Shigure monogatari ("L'ondée")

Entre 1600 et 1650
Encre, Papier
Manuscrit
Legs : Cernuschi, Henri

M.C. 4740

Literature and illustration are closely linked in Japan (see “Littérature et image au Japon”, Jacqueline Pigeot, in Le Grand Atlas des littératures, Encyclopedia Universalis, 1990). The growth of narrative prose, from the 10th century, owed much to the accompanying pictures. Novels or monogatari were read aloud before an audience that could follow the episodes through the illustrations. From the late 12th century until the 16th century, painted scrolls were very popular. They were replaced by bound books in the late Muromachi period (15th-16th century). These precious, illuminated manuscripts, which were fashionable until the second half of the 18th century, are known as Nara-e hon or “Nara picture books”. They were decorated with paintings in the Yamato-e style (“in the manner of Japan”). This highly decorative style, different to Chinese painting, emerged in the Heian period. The texts were generally works from medieval times, such as Genji monogatari (The Tale of Genji), or in the taste of times past. Texts and illustrations were intermingled, either placed side by side, as here, or arranged in amongst each other the same page. In the 17th century, booklets with separate text and images began to spread and became very popular for a time. From 1730, printed books replaced illustrated manuscripts for good.
The Shigure Monogatari, originally known as the Amayadori, dates from the late 16th century and relates the impossible love between two young people after a meeting at the temple of Kiyomizu, in Kyōto, during a rain shower. The first printed edition of the work dates from 1661, under the title Shigure no en.
The text of the manuscript belonging to the Cernuschi Museum was only partially copied; it was written in calligraphy on paper decorated with stencilled motifs and colours, and illustrated with 12 illuminations, two of which, the first and the last, cover a double page.

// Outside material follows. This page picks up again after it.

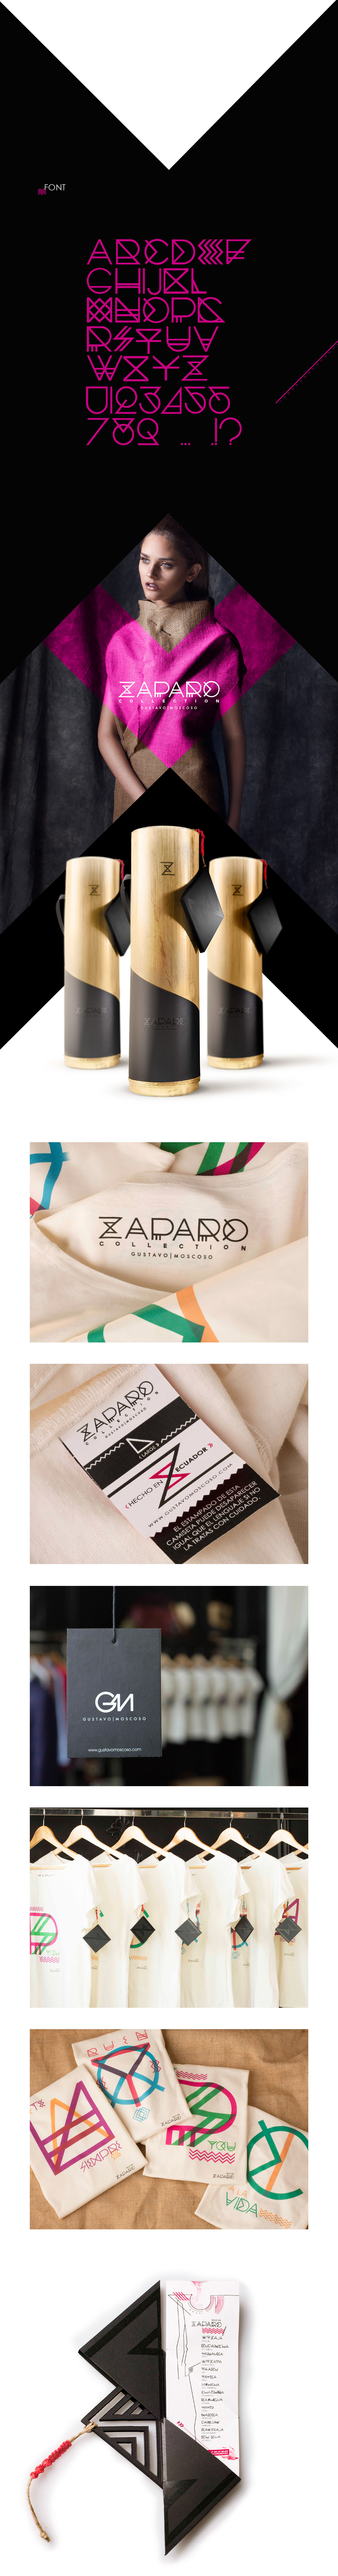 Clothing zaparo Ecuador Pack natural handmade craft culture language design Label typo
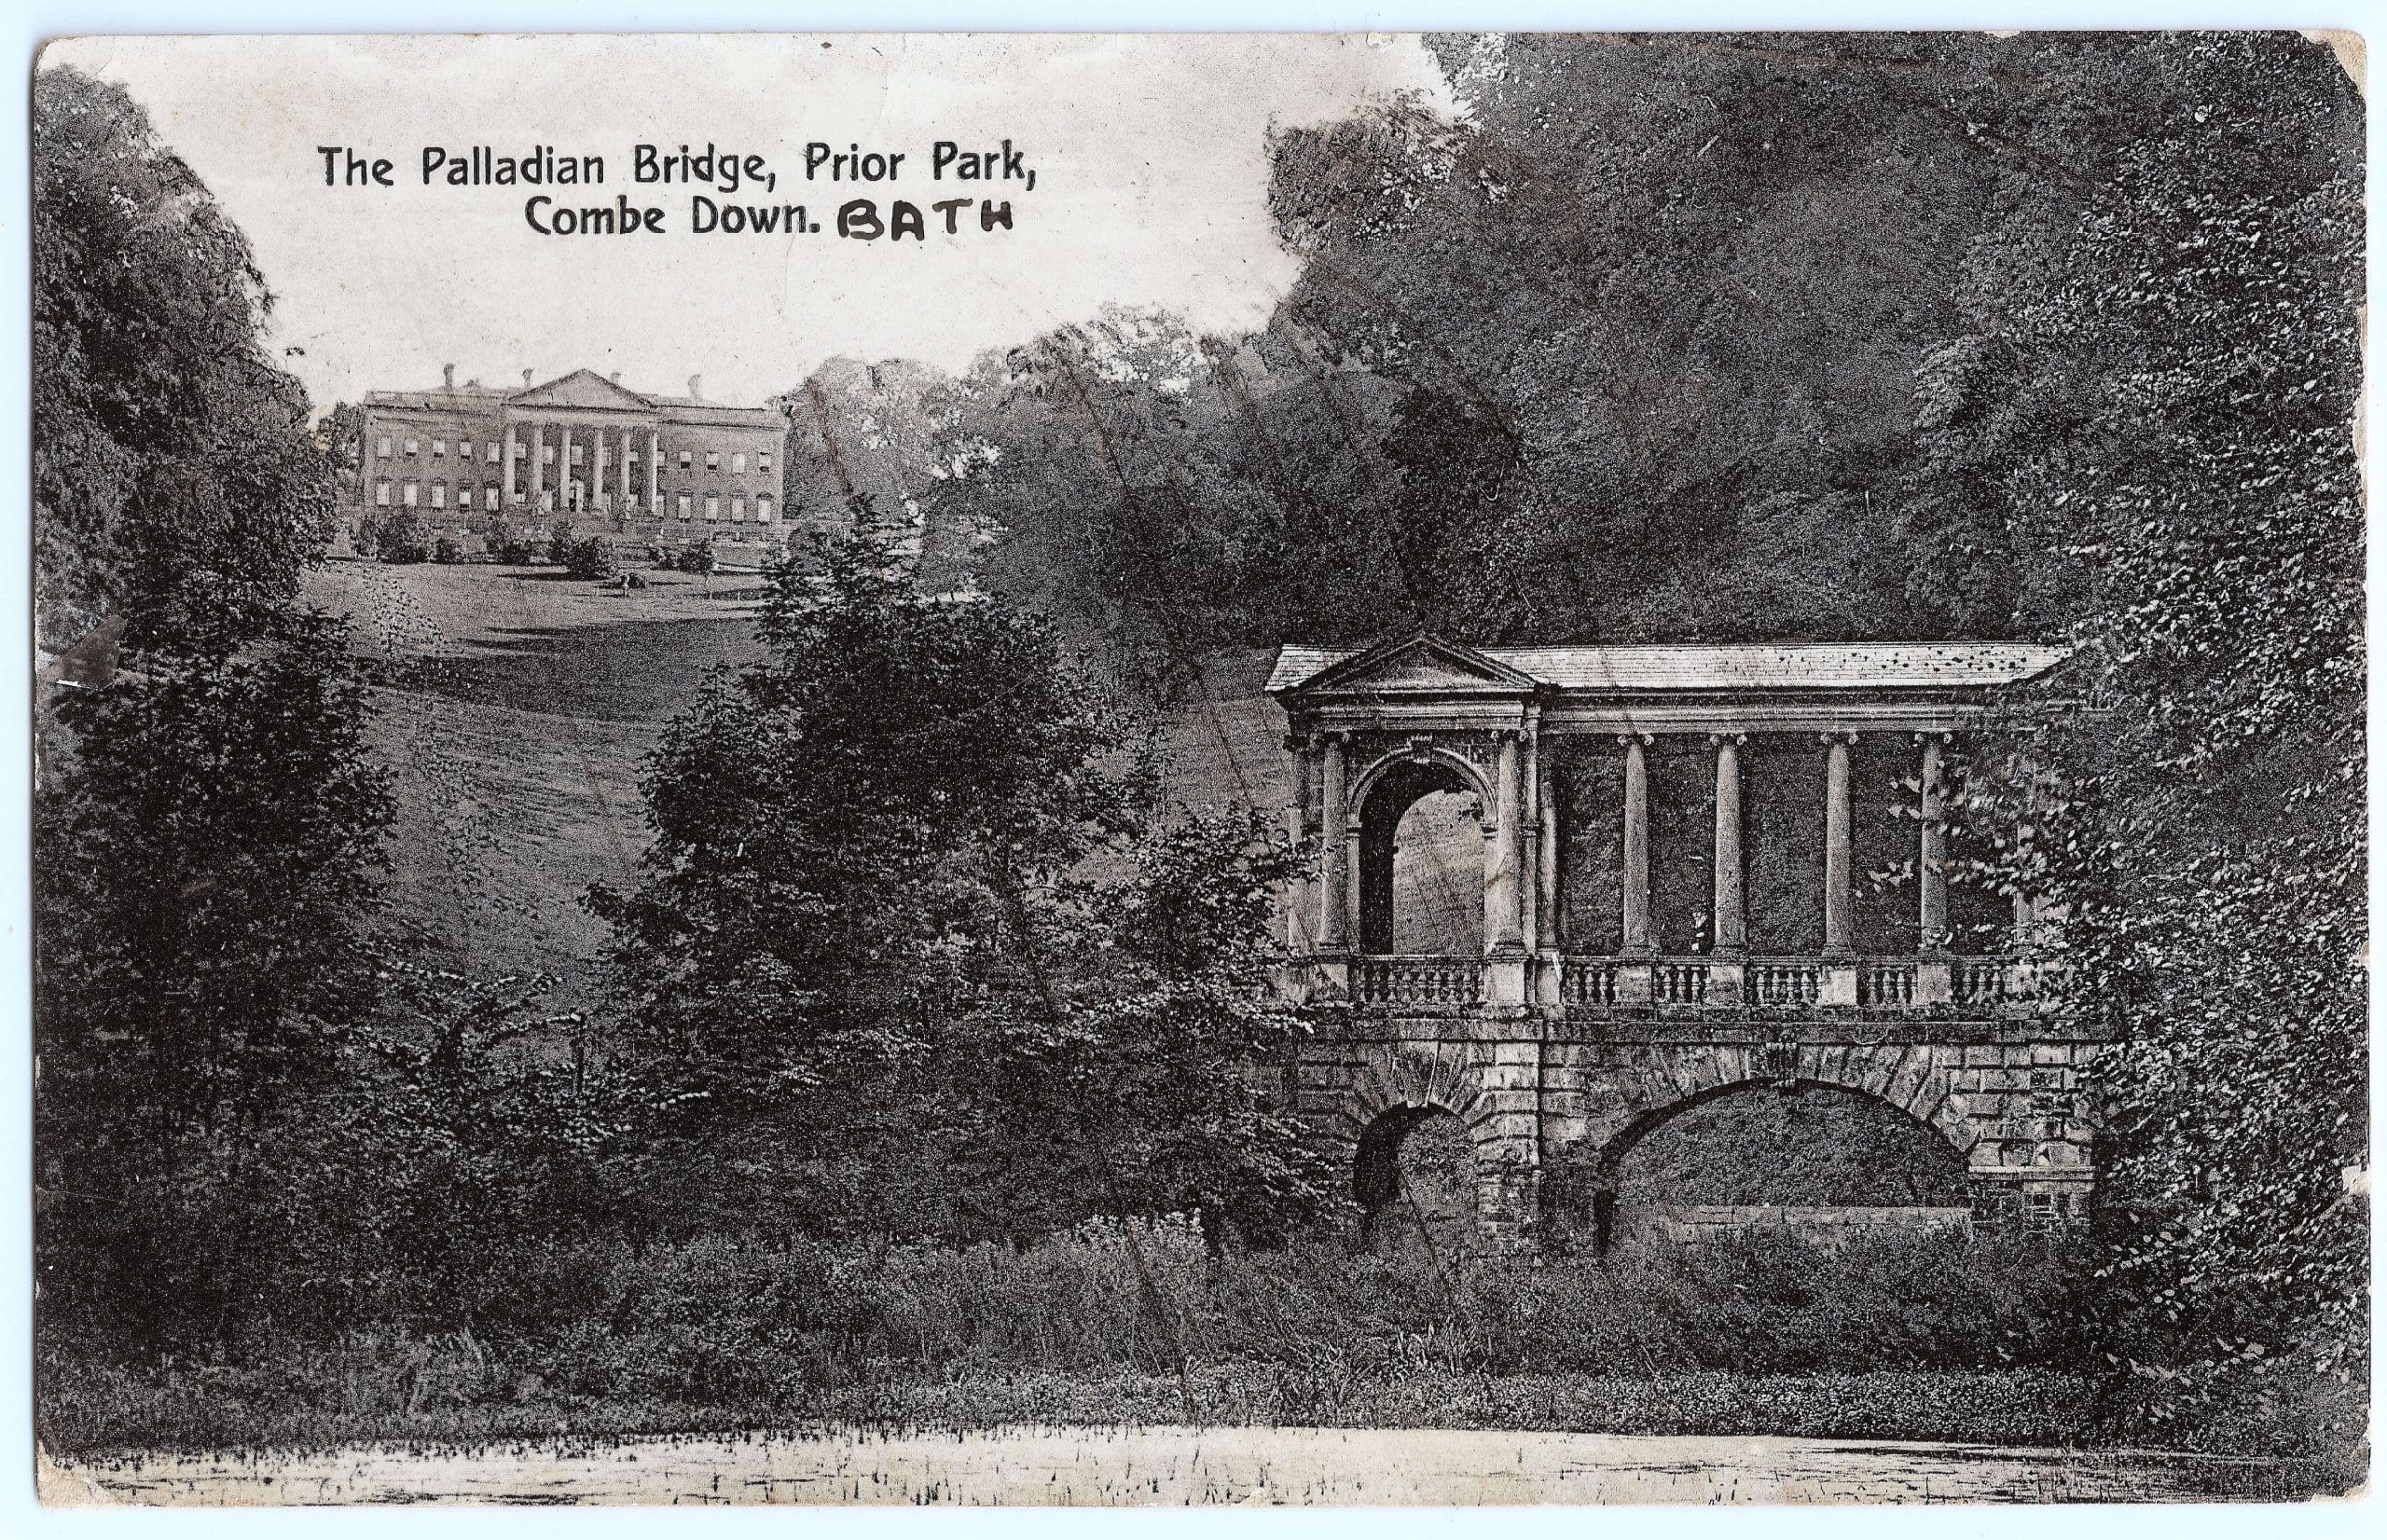 Palladian Bridge, Prior Park, 1914

This large-format book, lavishly decorated and gilded, was a luxury edition, as opposed to the smaller, more roughly executed rectangular copies, which are more commonly found.
Once attributed to the Genroku period (1688-1704), this Nara-e hon probably dates from the first half of the 17th century, given the quality of the paper and the book’s original format, which would become standardised in the 18th century.

Reference(s) : Trésors des musées de la Ville de Paris, Paris, Hôtel de Ville, 1980, no. 64. Michel Maucuer, Henri Cernuschi 1821-1896, voyageur et collectionneur, Paris, Paris Musées, 1998, no. 121, p. 136.